PEP: 292
Title: Simpler String Substitutions
Version: $Revision$
Last-Modified: $Date$
Author: barry@zope.com (Barry A. Warsaw)
Status: Draft
Type: Standards Track
Created: 18-Jun-2002
Python-Version: 2.3
Post-History: 18-Jun-2002


Abstract

    This PEP describes a simpler string substitution feature, also
    known as string interpolation.  This PEP is "simpler" in two
    respects:

    1. Python's current string substitution feature (commonly known as
       %-substitutions) is complicated and error prone.  This PEP is
       simpler at the cost of less expressiveness.

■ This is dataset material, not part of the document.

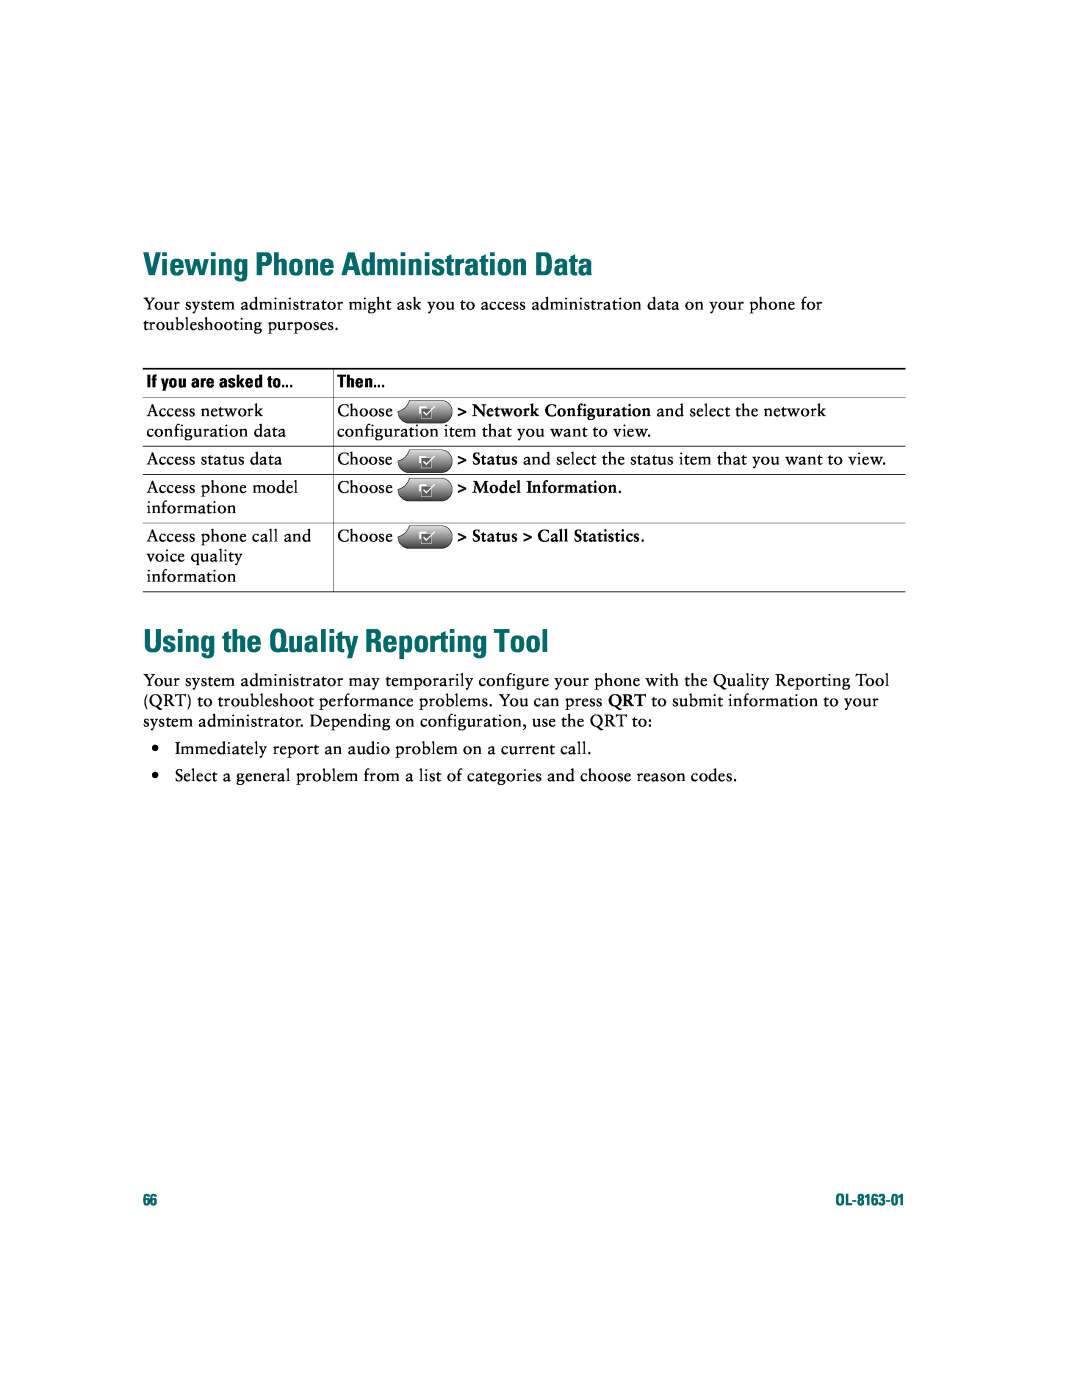 Cisco Systems 7961G/7961G-GE Viewing Phone Administration Data, Using the Quality Reporting Tool, Model Information

    2. PEP 215 proposed an alternative string interpolation feature,
       introducing a new `$' string prefix.  PEP 292 is simpler than
       this because it involves no syntax changes and has much simpler
       rules for what substitutions can occur in the string.
       

Rationale

    Python currently supports a string substitution (a.k.a. string
    interpolation) syntax based on C's printf() % formatting
    character[1].  While quite rich, %-formatting codes are also quite
    error prone, even for experienced Python programmers.  A common
    mistake is to leave off the trailing format character, e.g. the
    `s' in "%(name)s".

    In addition, the rules for what can follow a % sign are fairly
    complex, while the usual application rarely needs such
    complexity.  Also error prone is the right-hand side of the %
    operator: e.g. singleton tuples.

    Most scripts need to do some string interpolation, but most of
    those use simple `stringification' formats, i.e. %s or %(name)s
    This form should be made simpler and less error prone.


A Simpler Proposal

    Here we propose the addition of a new string method, called .sub()
    which performs substitution of mapping values into a string with
    special substitution placeholders.  These placeholders are
    introduced with the $ character.  The following rules for
    $-placeholders apply:

    1. $$ is an escape; it is replaced with a single $

    2. $identifier names a substitution placeholder matching a mapping
       key of "identifier".  "identifier" must be a Python identifier
       as defined in [2].  The first non-identifier character after
       the $ character terminates this placeholder specification.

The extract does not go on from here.